Tools for Flexible Spectroscopic Inference
https://starfish.readthedocs.io/en/latest/
BSD 3-Clause "New" or "Revised" License
70 stars 22 forks source link

Grid Interface Conformity and Caching #124

Closed mileslucas closed 5 years ago

mileslucas commented 5 years ago

I'd like to point out some inconsistencies in the various interfaces and would also like to propose an enhancement in the way that the interfaces are used.

So I think we need to partially rewrite the interfaces so that they can be used more easily from other parts of the code. We should be able to call any subclass of GridInterface and expect the same results. The biggest divergence from that goal is that the HDF5Interface is considerably different from the RawGridInterface but serves the same base purpose: to interface with the model libraries.

I propose we rewrite the HDF5Interface to inherit from RawGridInterface, which will actually require some rewriting of RawGridInterface itself. If there are any ideas on what exactly we want from an interface, I would love to hear them.

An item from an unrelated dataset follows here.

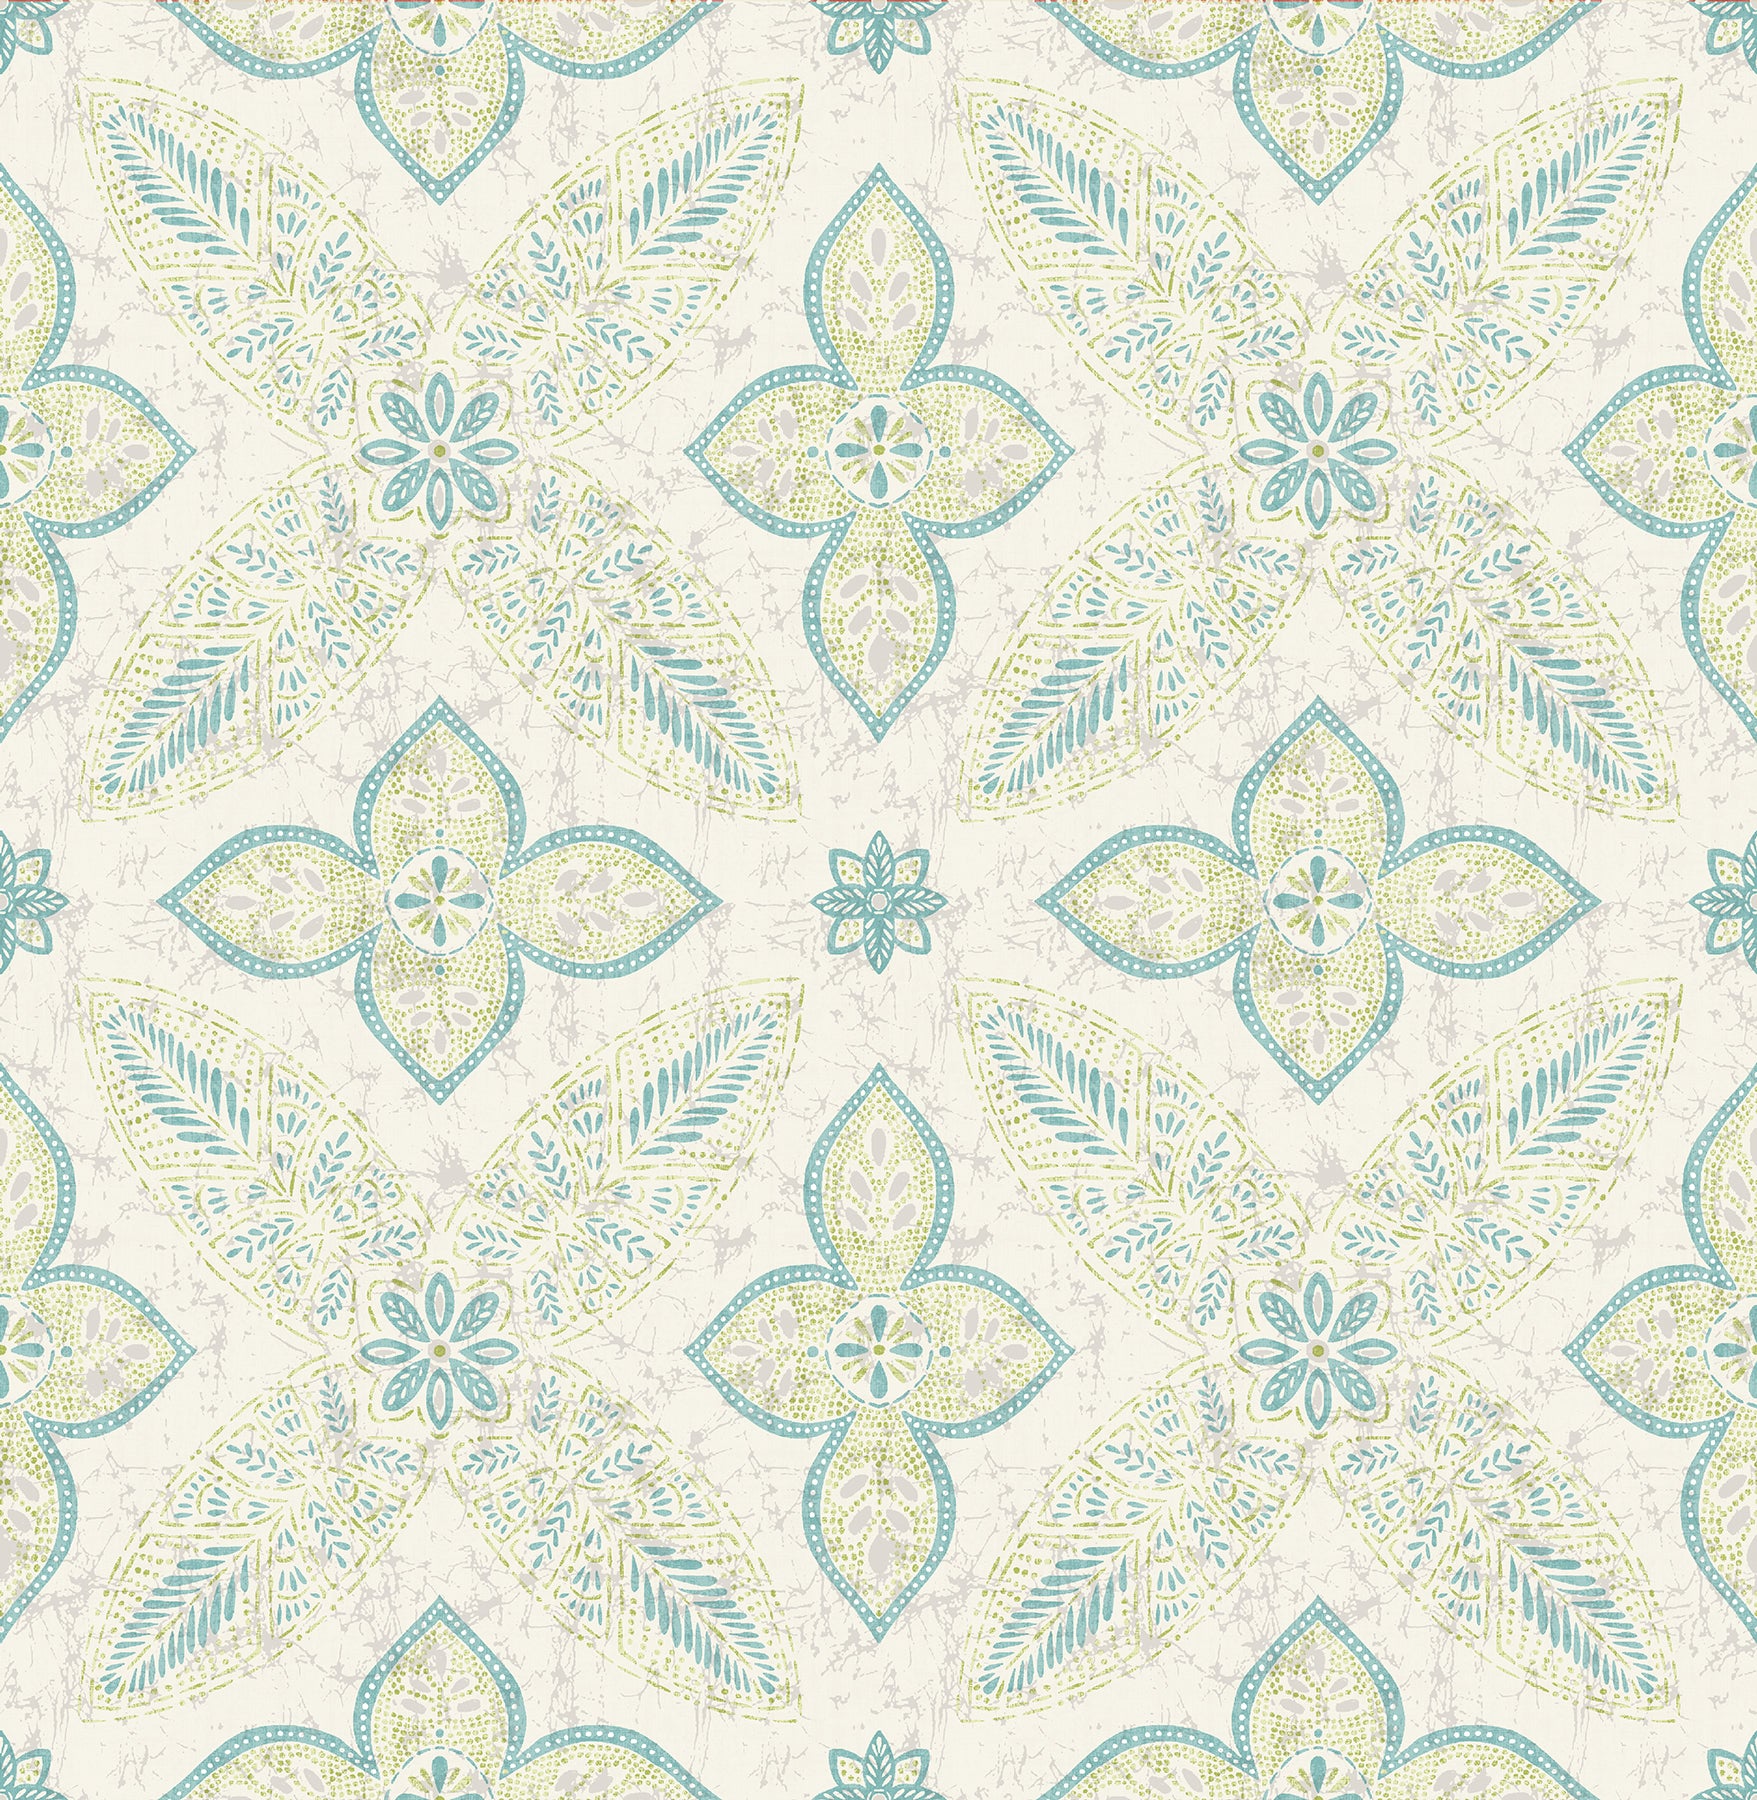 Purchase 1014-001829 Kismet Turquoise Off Beat Ethnic Turquoise Geometric Floral Wallpaper A Street Prints Wallpaper

My enhancement proposal is to use caching and instead of generally using Interface.load_flux() to rather use a __call__ method. This may not have any real performance impacts in the sampling code but is a code idea for people who only use the grid tools. This would match the behavior of the Interpolator class. If you think this is a good idea, I can implement it, otherwise, we can maintain the load_flux() style without any __call__ methods.

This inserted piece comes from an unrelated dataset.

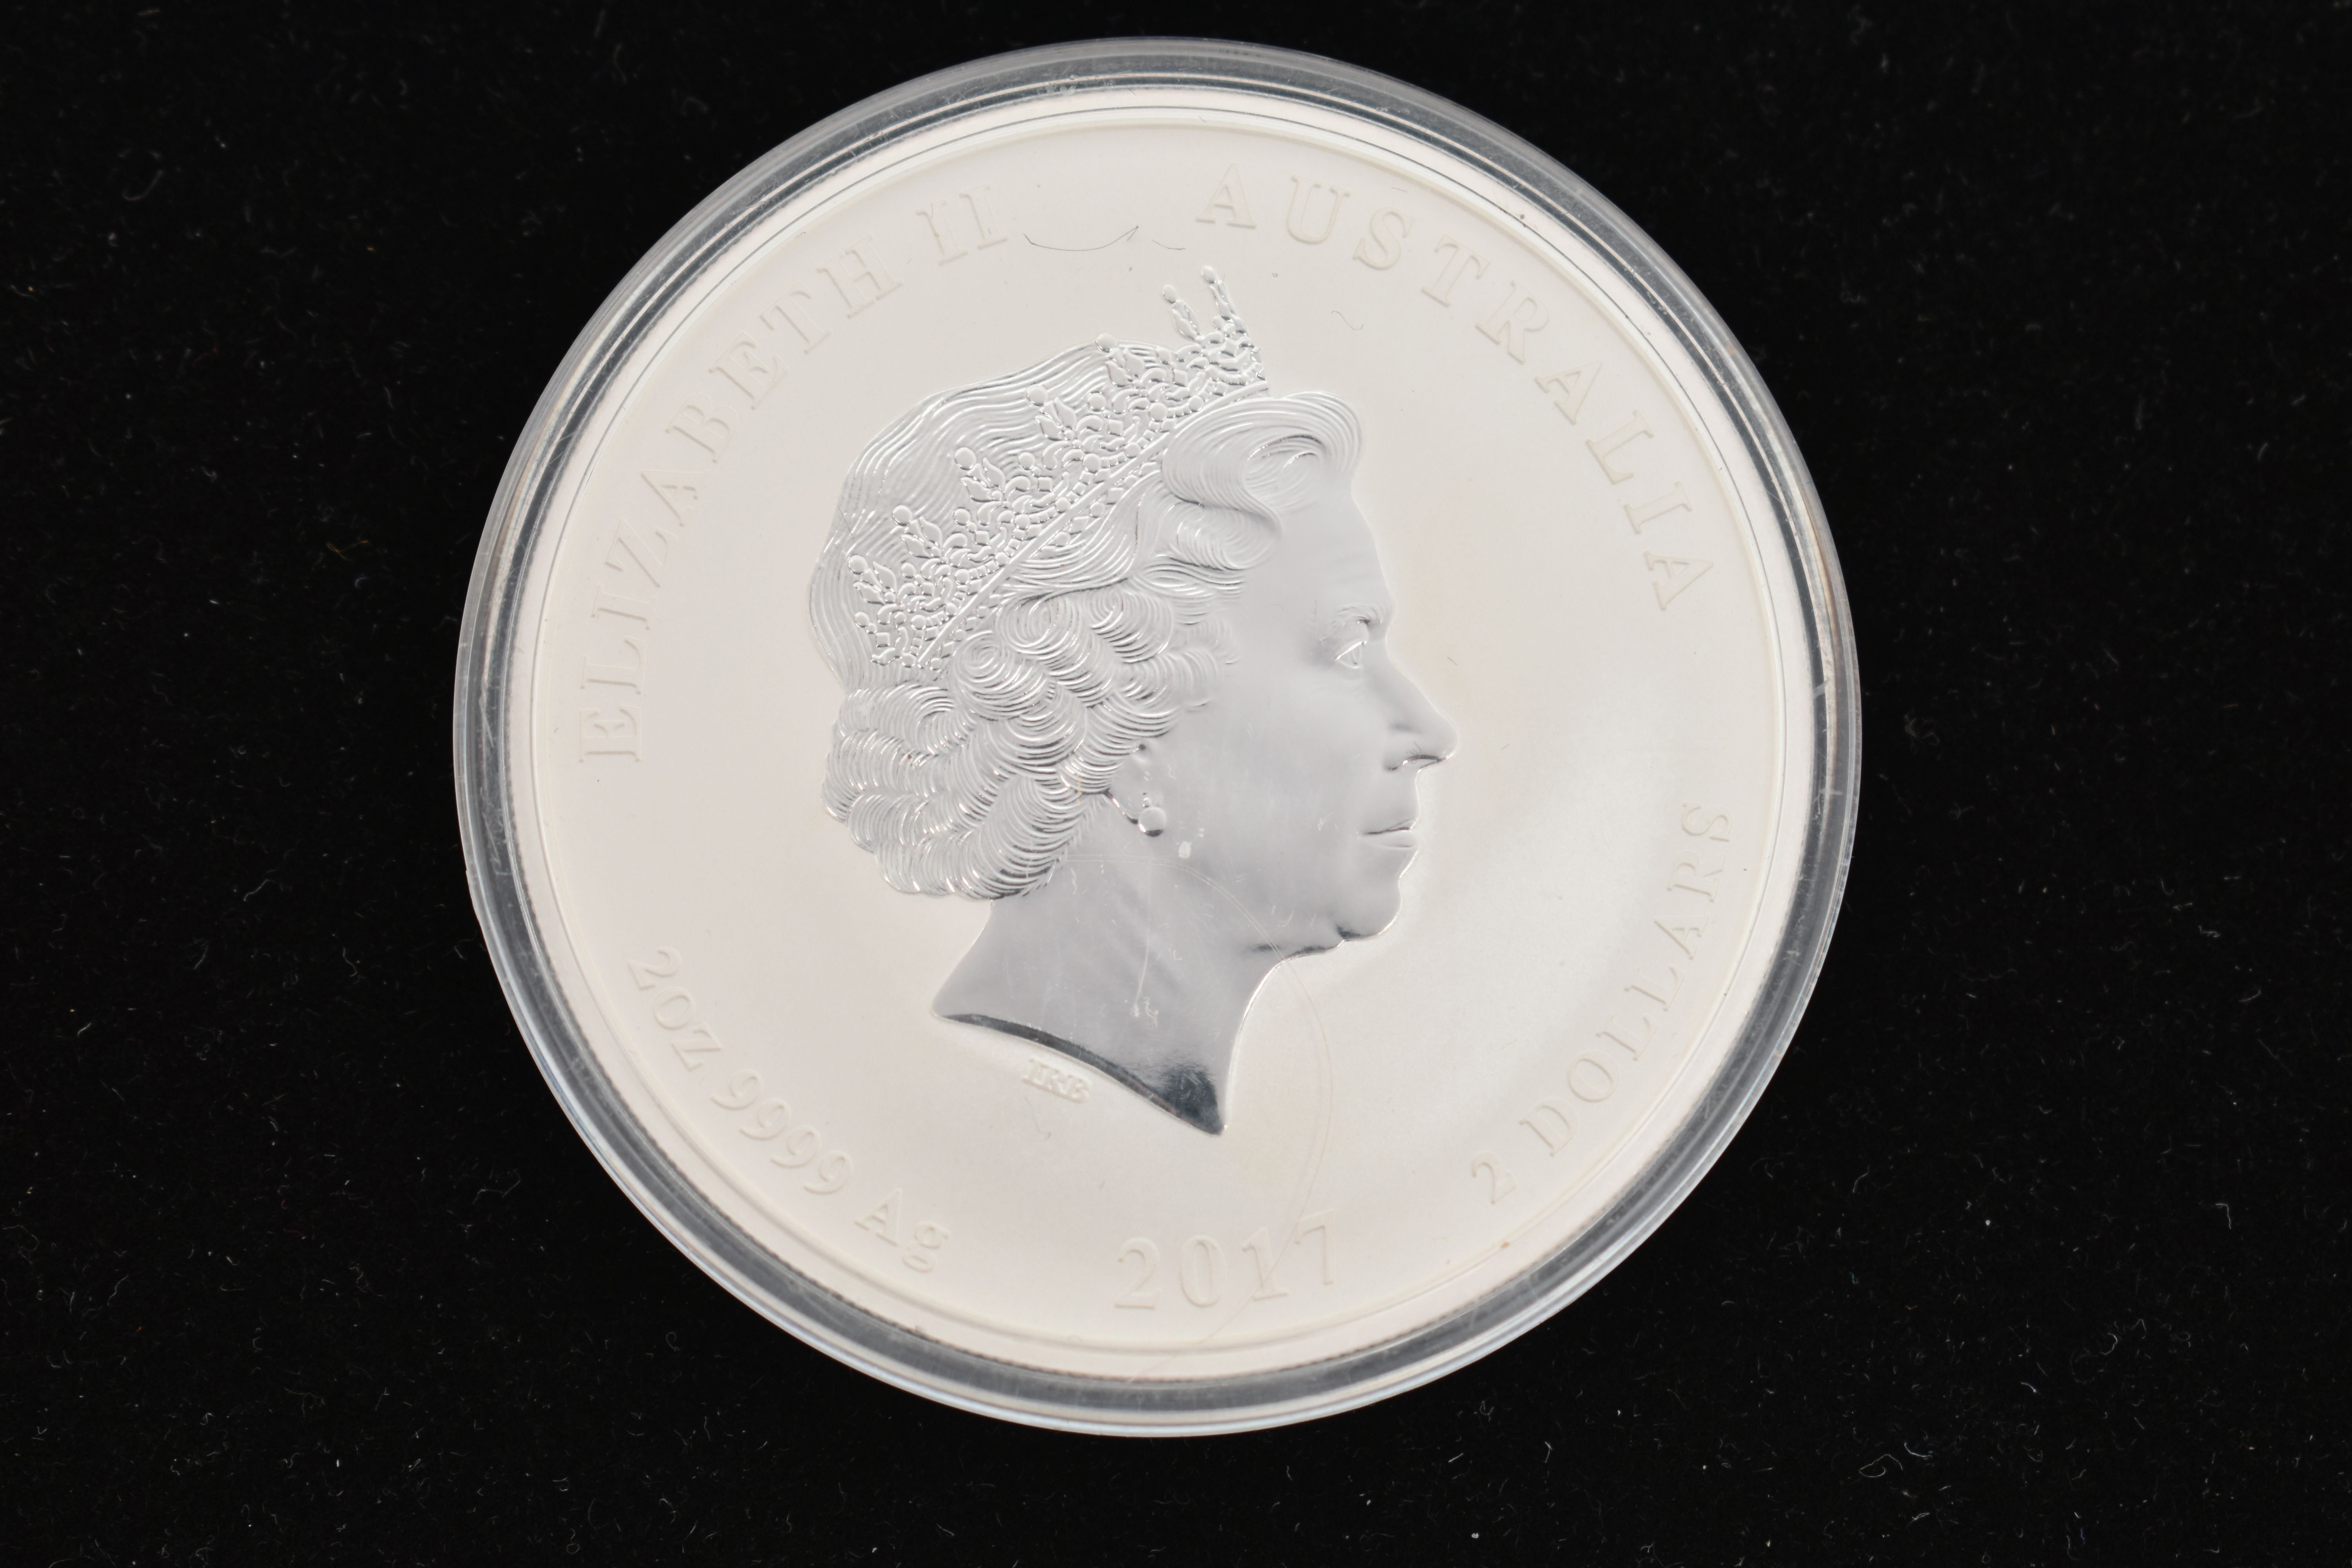 AN ELIZABETH II, AUSTRALIA 2OZ 9999 AG 2 DOLLAR COIN, dated 2017, 'Year of The Rooster', in a - Image 2 of 2

iancze commented 5 years ago

In general, I think this sounds like a good idea. The fewer variety of interfaces that users have to contend with, the better.

I guess the main design decision is how to properly respect the fact that HDF5Interface and RawGridInterface (and PHOENIX, Kurucz, etc...) are interfacing to different products. The main thing they will have in common is the type and spacing between fundamental stellar parameters. But most other things will be different (wl range, range of stellar parameters, and of course resolution of the spectra (presuming that a broadening and resampling operation occurred)). I like the idea of the simplified interface for loading flux. It may be trickier to keep things consistent enough if you plan on implementing the transforms in #64 as well, but maybe there is a clean way of doing it.

Caching for these products may help some users, but given the use cases we've outlined it might just be an opportunity for bugs and complexity (given the transforms) without too much clear benefit.

mileslucas commented 5 years ago

Some of my recent pushes to refactor/core-numpy have cleaned up some of the inconsistencies and allow a more seamless flow between grid interfaces, hdf5 interfaces, and emulators. Notably items like parameter names can get passed up all the way to SpectrumModels, which means we can have a parameter dictionary with meaningful names rather than 'grid_param:0' or similar.

I've also removed config.yaml and all its subsidaries, which has had 0 impact on the grid interfaces. The biggest difference is that you have to explicitly write out the path for the interfaces (rather than reading from the config).

iancze commented 5 years ago

This sounds great!